Address History Incomplete
DBS require a 5-year address history for all levels of checks. This means that you must list every address where you were resident in that time period, even if they were temporary. You don’t need to give holiday accommodation addresses, or friends’ addresses if you stayed with them now and again, but do need to give all permanent addresses, including postcodes. Don’t leave any gaps as this could lead to your form being rejected, so if you were travelling overseas or sofa-surfing with no fixed address, tell them. It’s always best to clarify an unusual address query with the DBS rather than guessing at the right answer. Forms without the correct address history will probably be rejected immediately, putting you back to the start of the process and potentially putting you out of pocket too.

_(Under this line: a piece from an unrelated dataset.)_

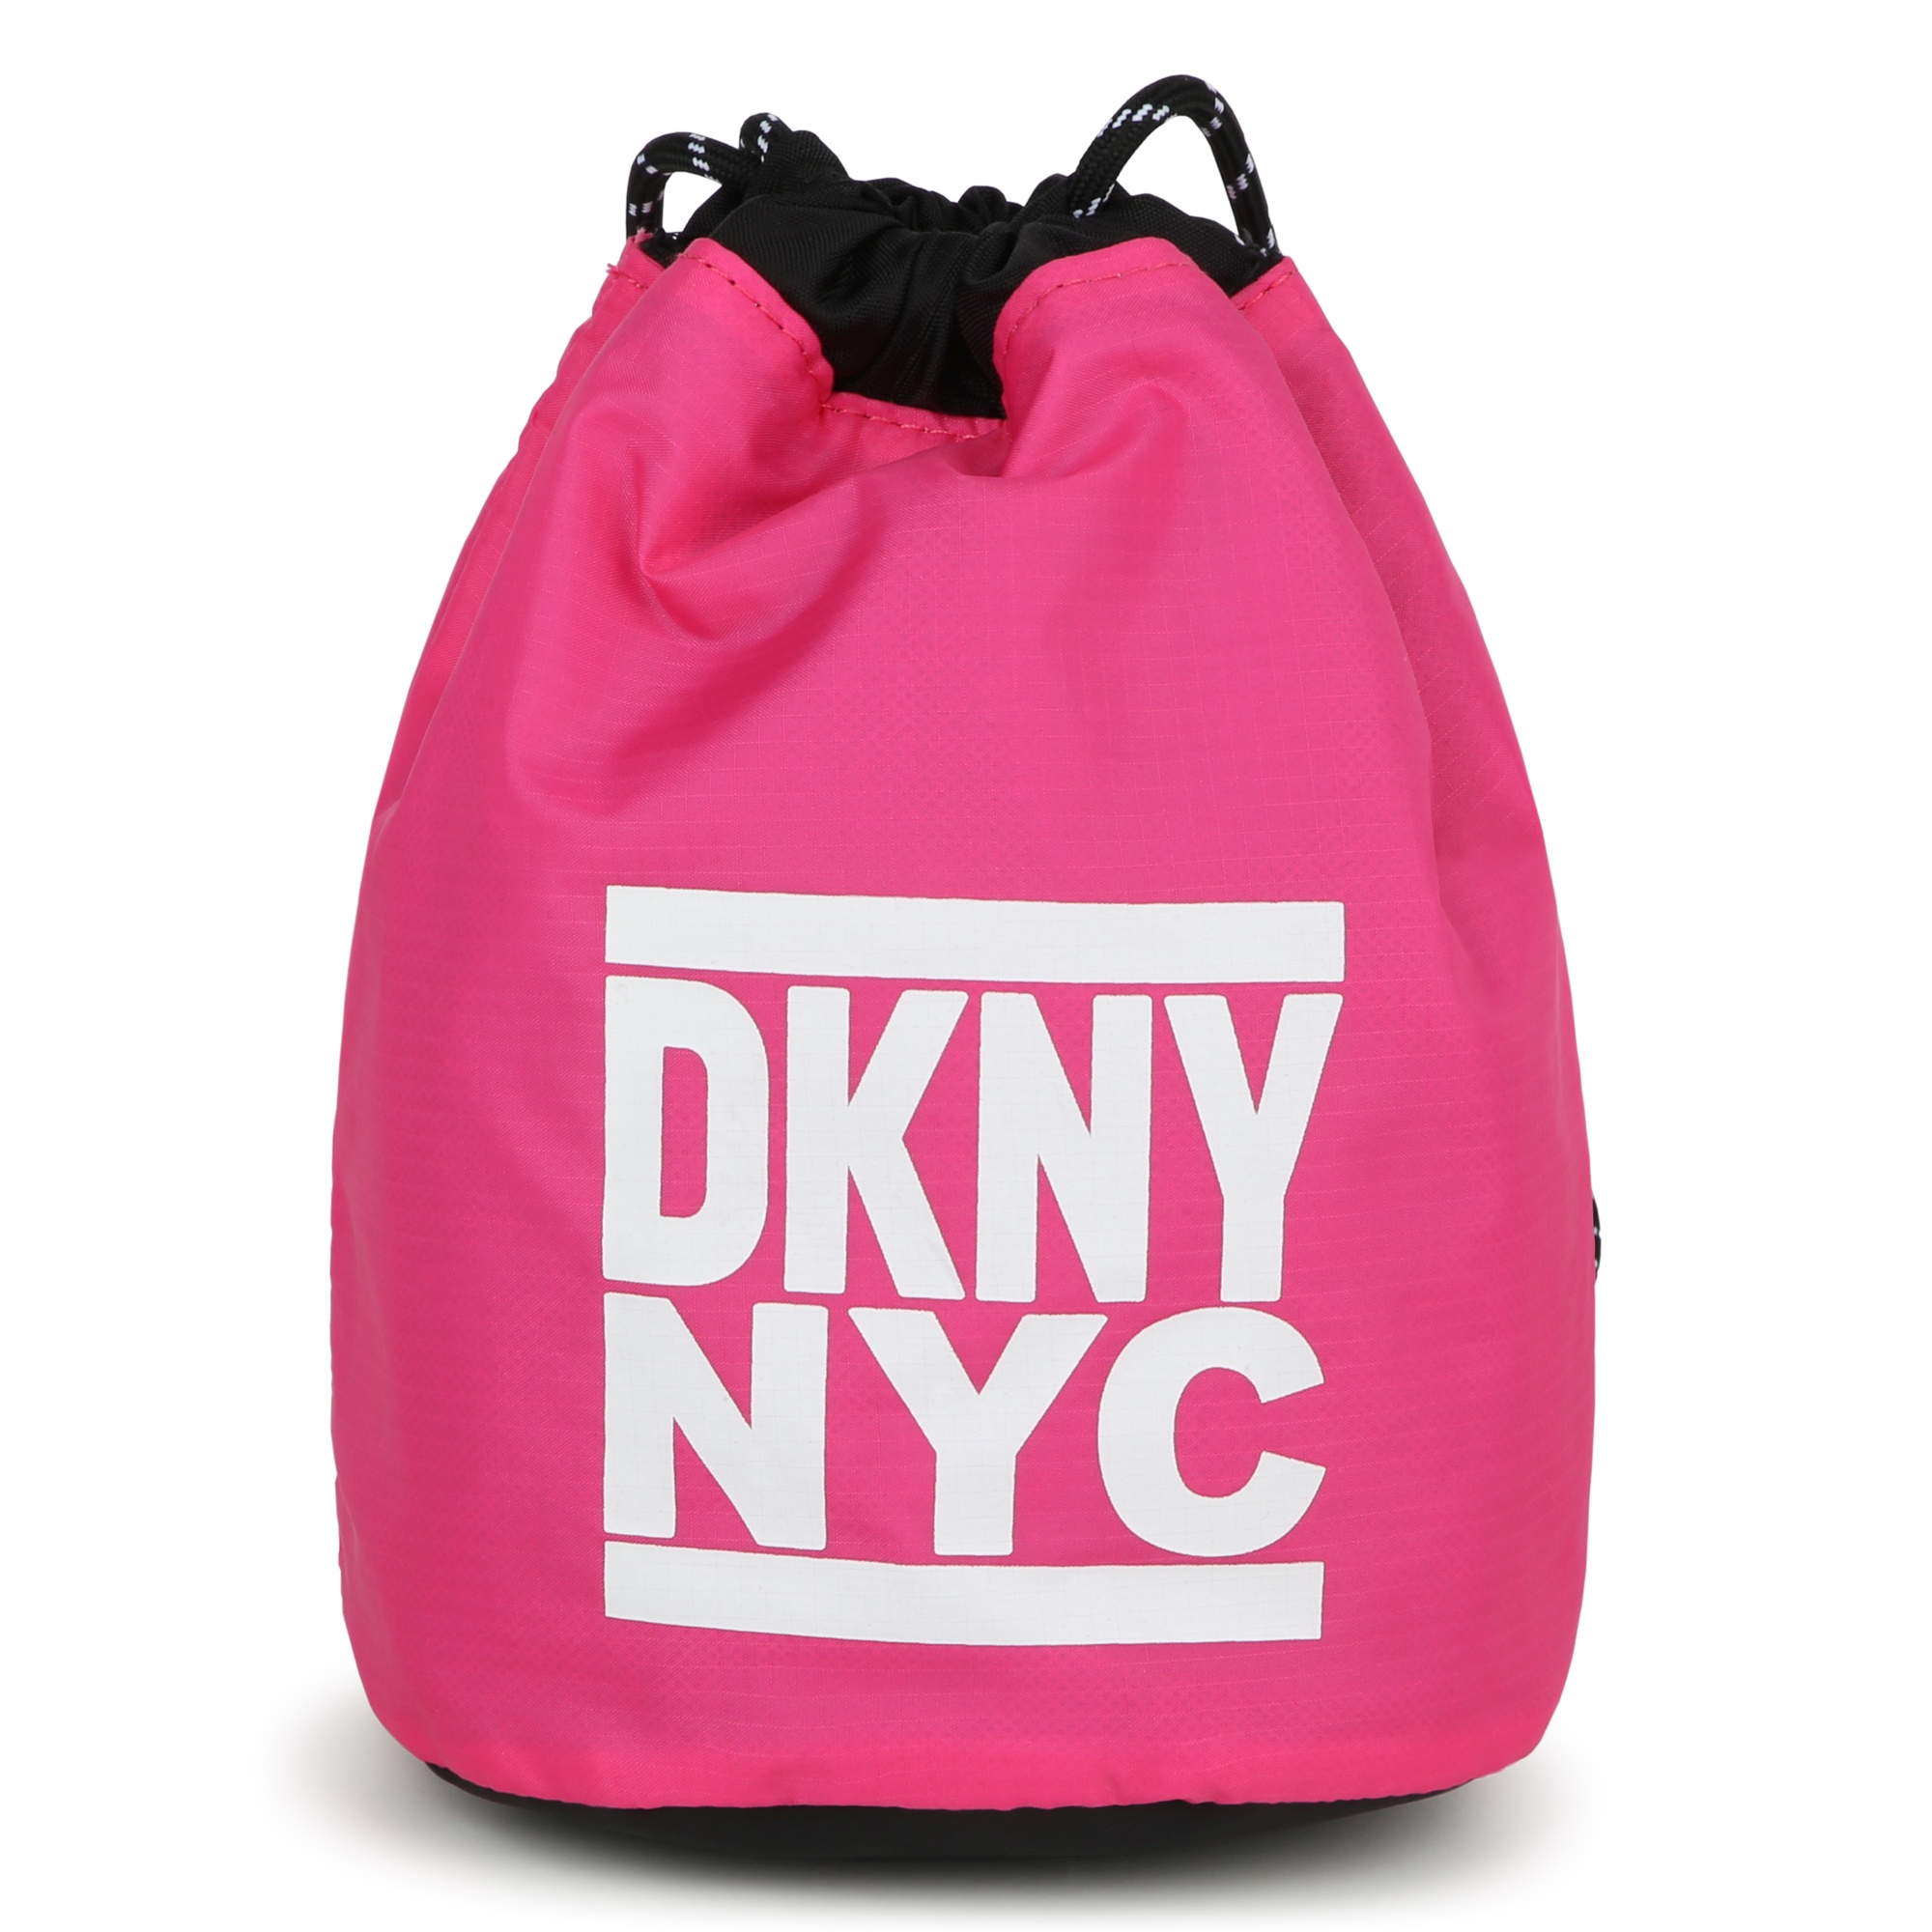 Omkeerbare handtas DKNY Voor

The form will ask for all names you have used or have been known by. This just doesn’t just mean changes in surname if you’ve got married or divorced, it means given names too. So, if you switch between using your first name or middle name, or are officially Victoria but known to everyone as Vicky, then declare all of your names in full. Again, if you’re confused about what you should or should not be listing in terms of names, give the DBS a ring for clarification.
When you’re filling in forms online, it’s so easy to make spelling mistakes or typos, especially when distracted. It can also be really difficult to spot your own mistakes when proofreading, so ask a friend or colleague to check it over for you before submitting. If you do make a mistake by typing a name as “Jnae” rather than Jane, someone from the DBS will probably get in touch to clarify. But this obviously takes time and will delay your form progressing to the next stage of checking.
Take some time to read through the requirements for documents to support your identity and understand the rules. Photocopies and printouts can’t be accepted for example, so if you turn up with those, you’ll be sent away to source originals, creating delay. This is particularly an issue with bills and bank statements as so many of us manage money digitally. Look through the list of approved documents as early as possible to give yourself a chance to gather it all together.